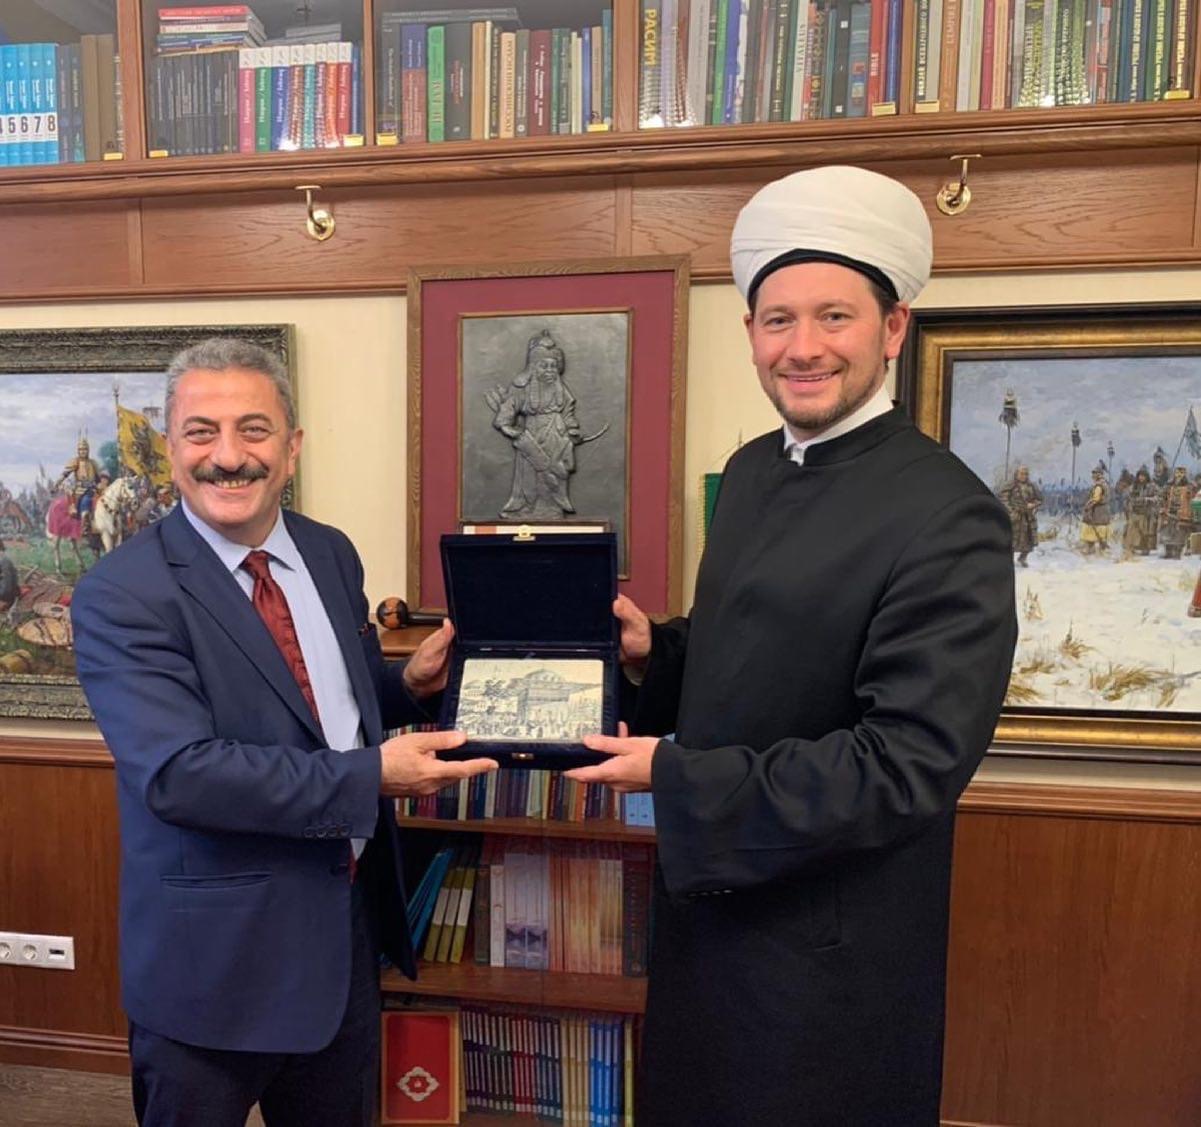 Damir Mukhetdinov: Сегодня встретился в резиденции Духовного управления мусульман РФ с делегацией Турецкой Республики
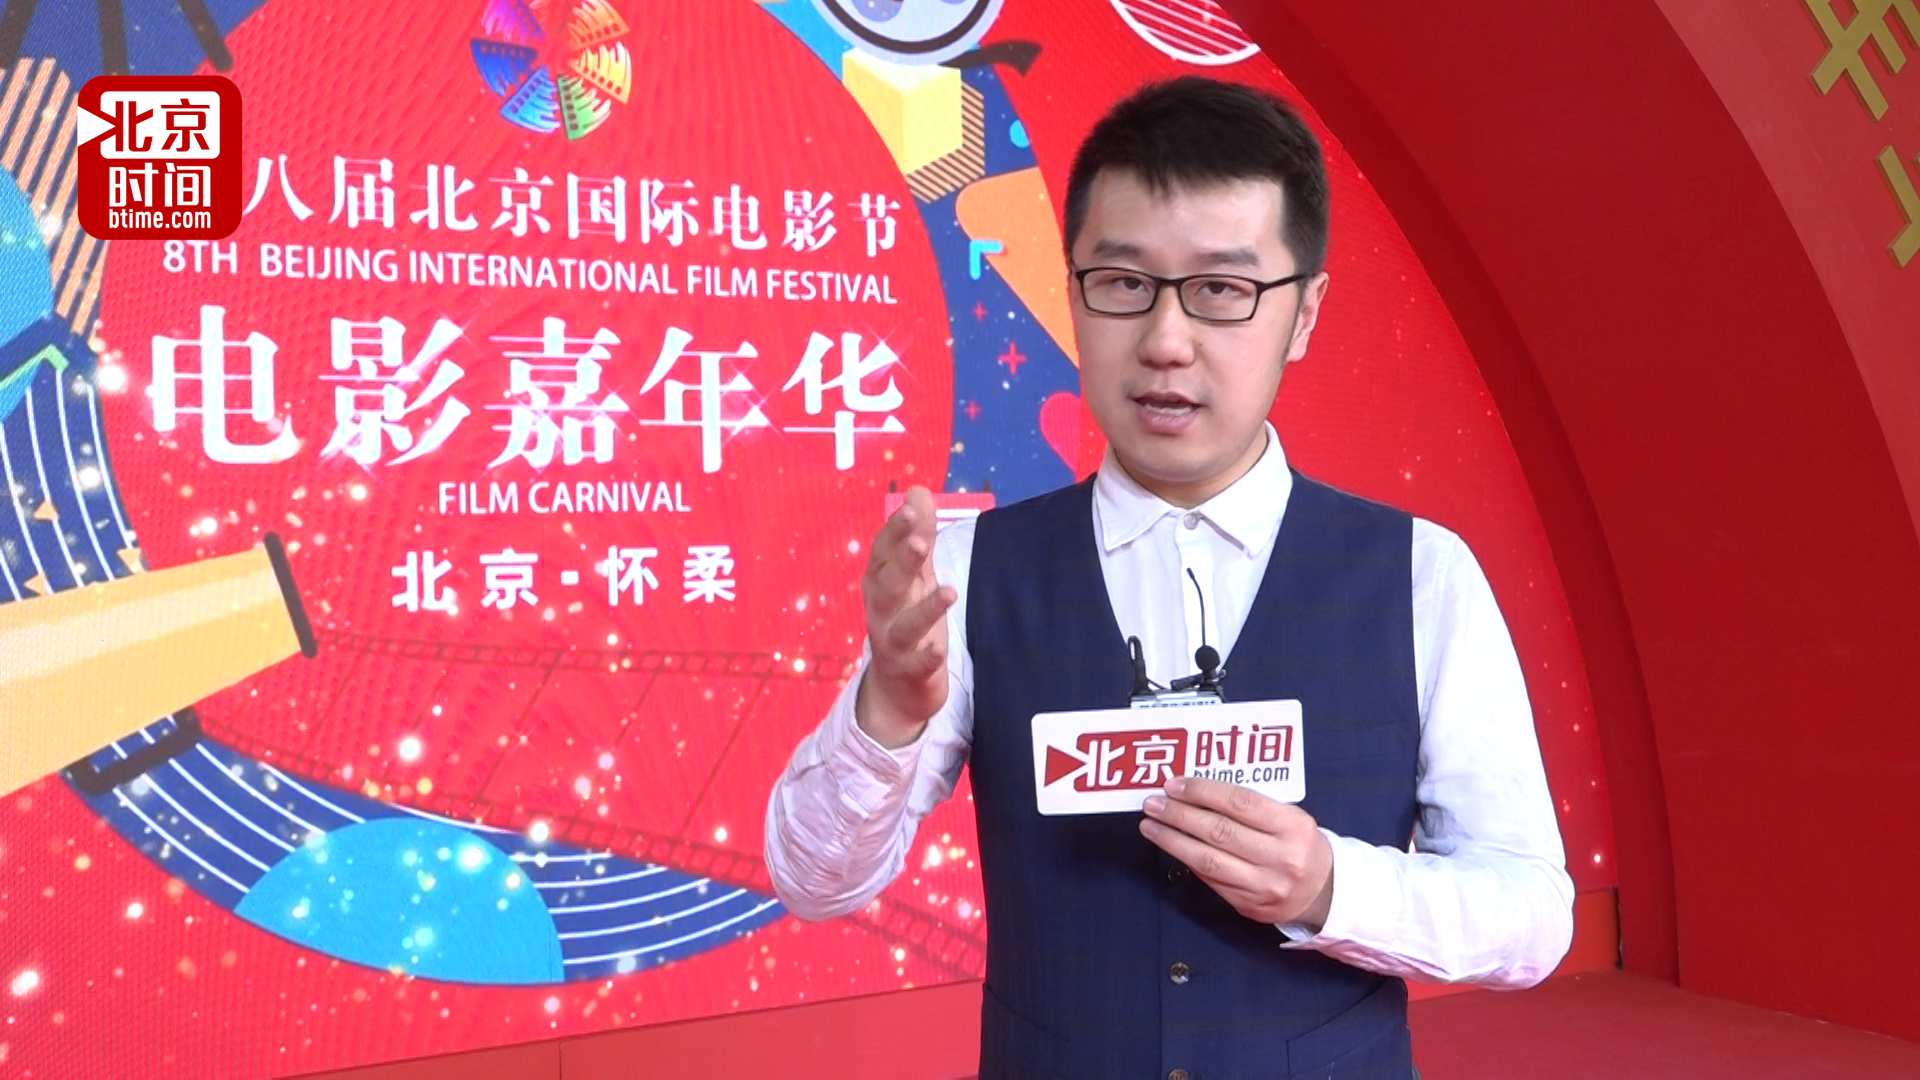 电影节嘉年华活动即将开启 北京时间主持人带您现场体验
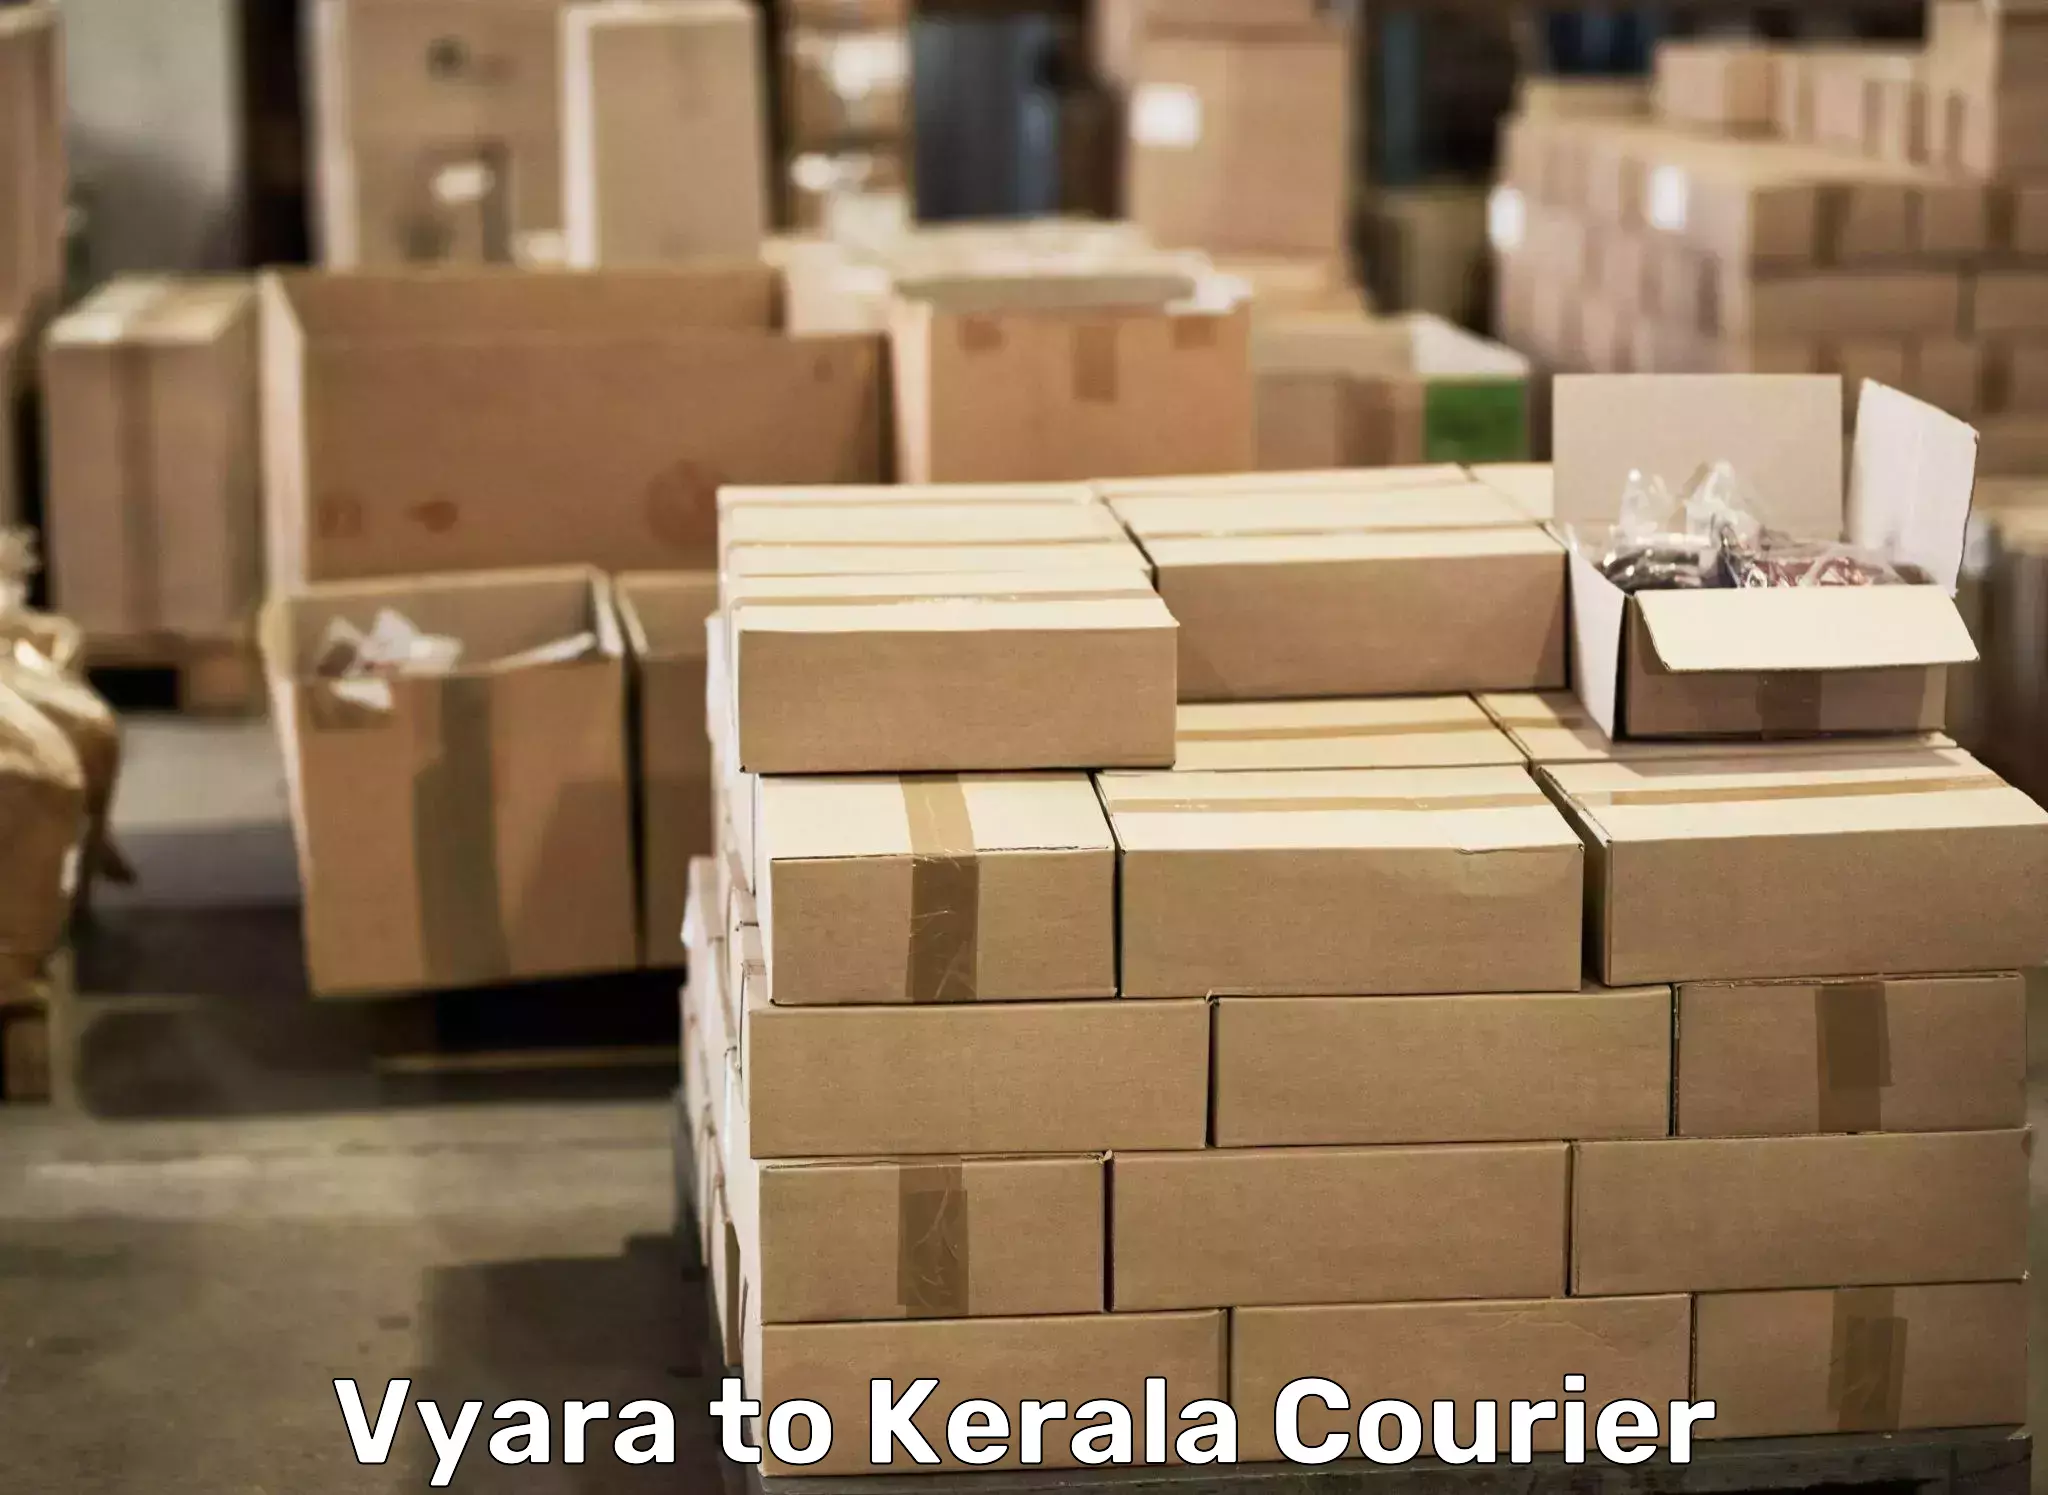 Professional movers and packers Vyara to Kottayam

++++++++++++++++++++

**WHAT TO PRODUCE**. Once the pictures are set aside, the remaining data must be transcribed exactly.

**WRITTEN ANSWER**.
 Damir Mukhetdinov: Сегодня встретился в резиденции Духовного управления мусульман РФ с делегацией Турецкой Республики
 电影节嘉年华活动即将开启 北京时间主持人带您现场体验
 Professional movers and packers Vyara to Kottayam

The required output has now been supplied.